Your task is to return the listing below word for word, without any of its images.
*** Data shown ***
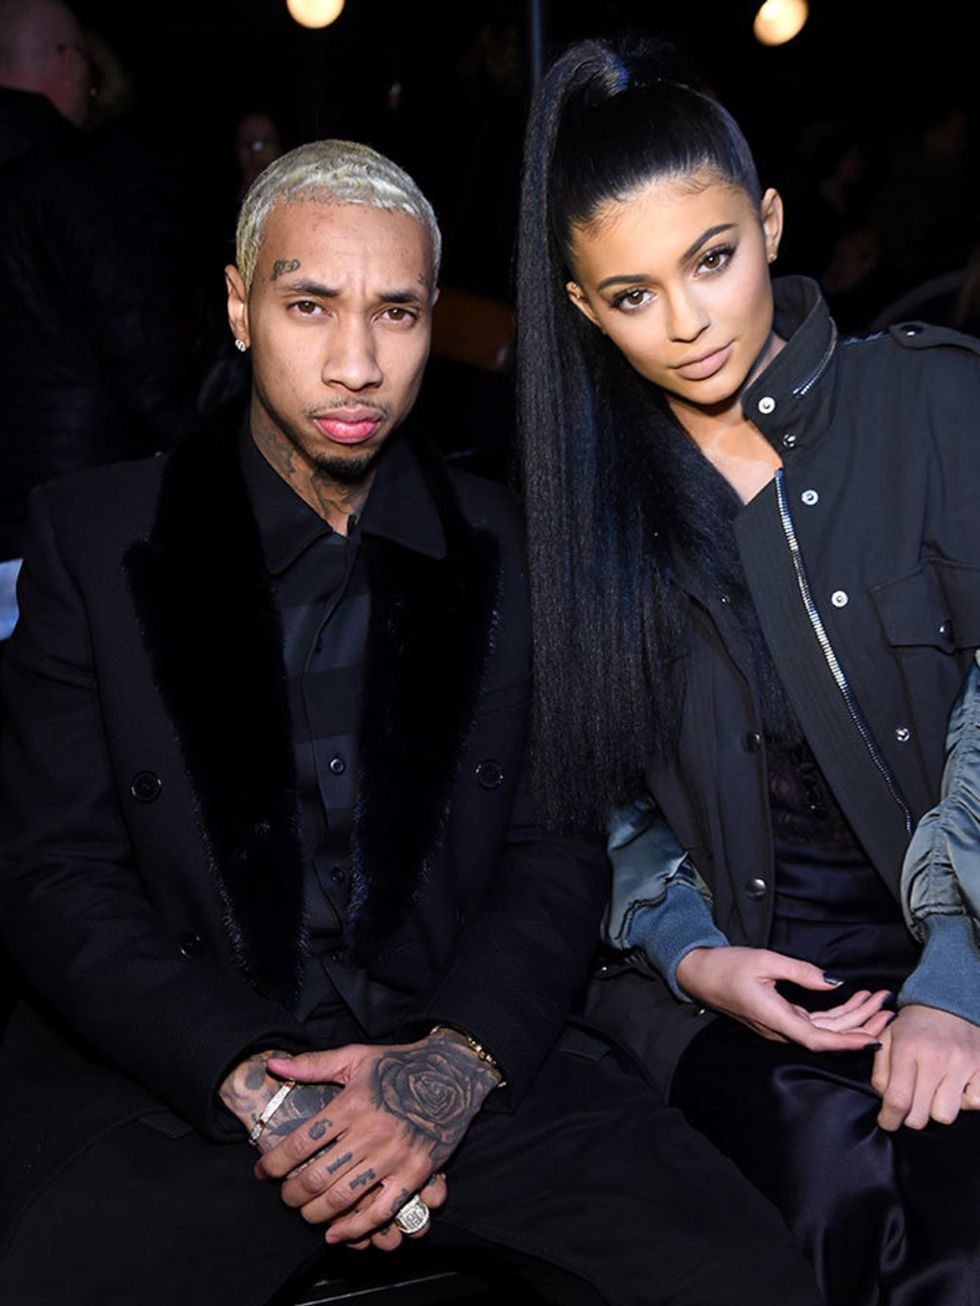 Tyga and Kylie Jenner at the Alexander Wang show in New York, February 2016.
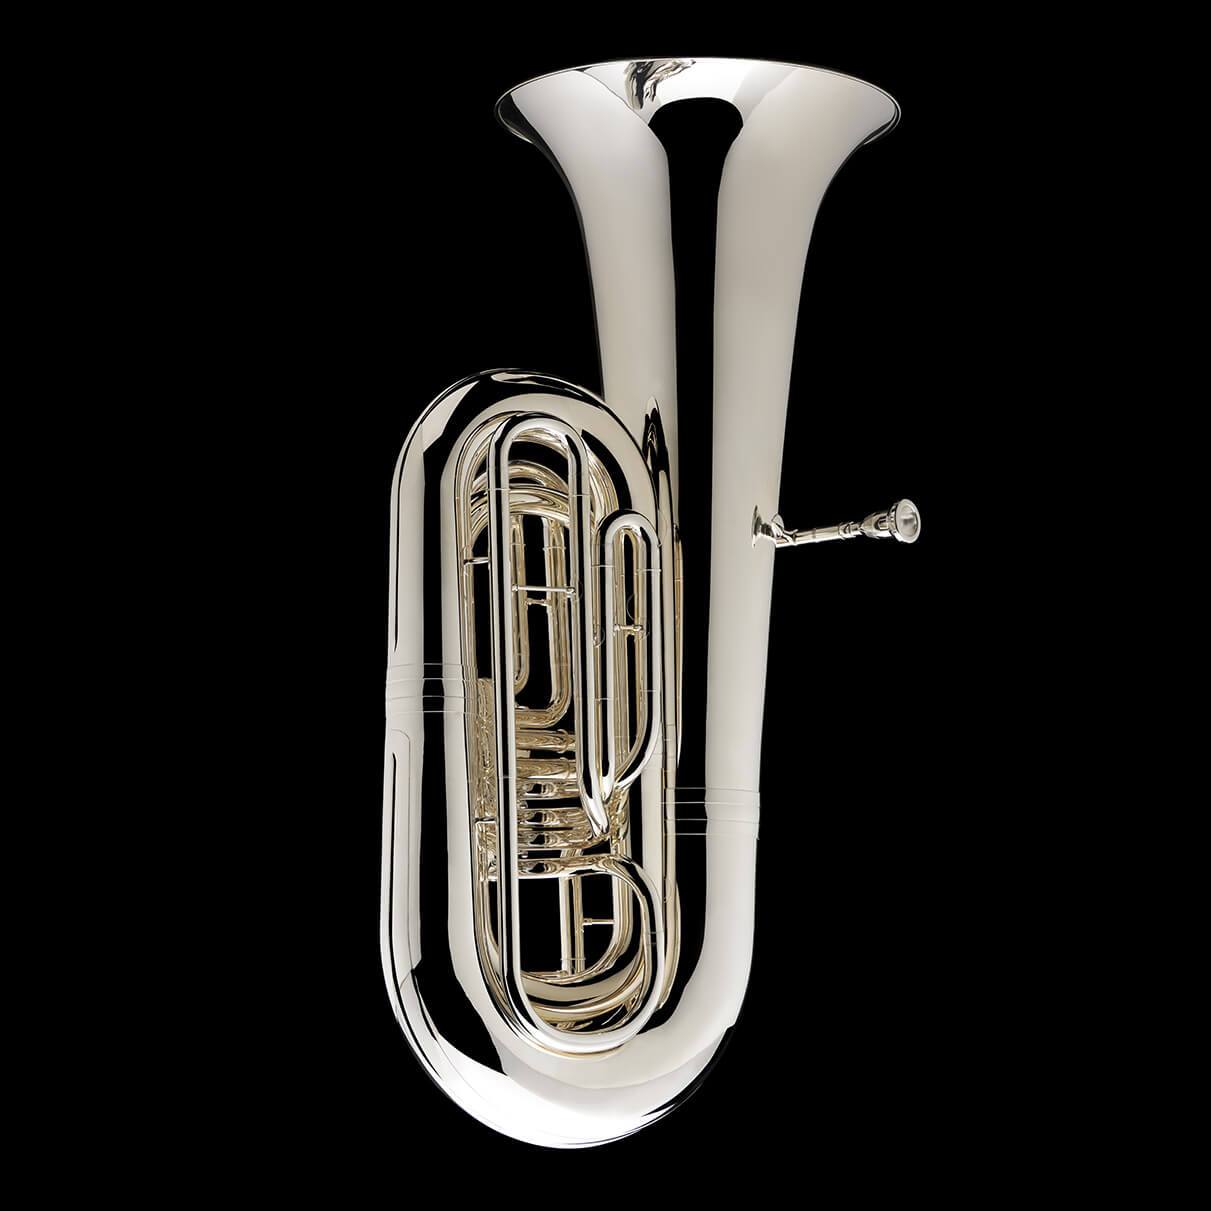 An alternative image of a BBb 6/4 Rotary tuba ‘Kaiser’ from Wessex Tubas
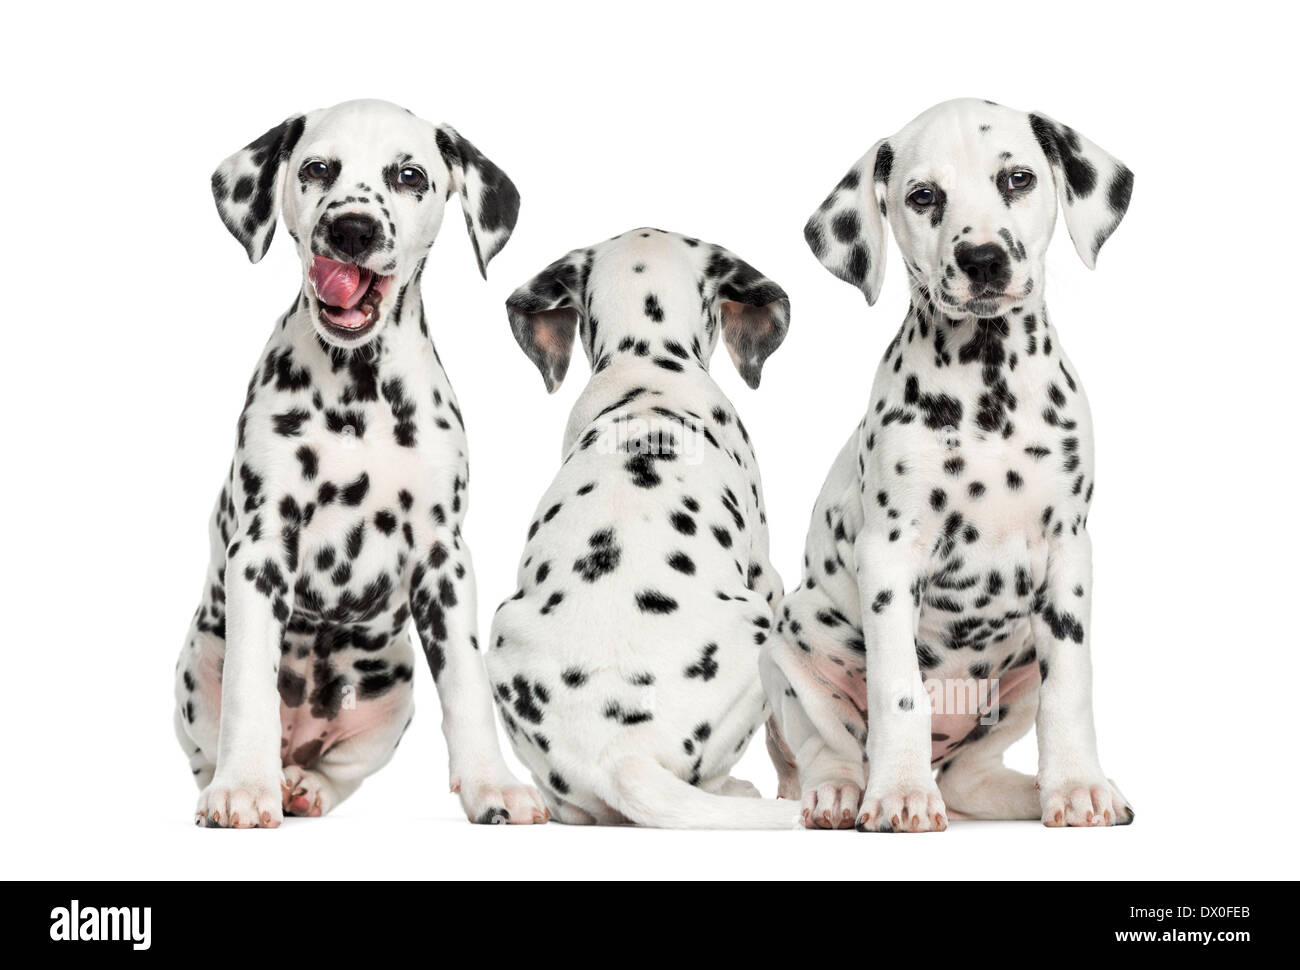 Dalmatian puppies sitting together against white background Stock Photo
*** End of Data shown ***
Result of the task:
 Tyga and Kylie Jenner at the Alexander Wang show in New York, February 2016.
 An alternative image of a BBb 6/4 Rotary tuba ‘Kaiser’ from Wessex Tubas
 Dalmatian puppies sitting together against white background Stock Photo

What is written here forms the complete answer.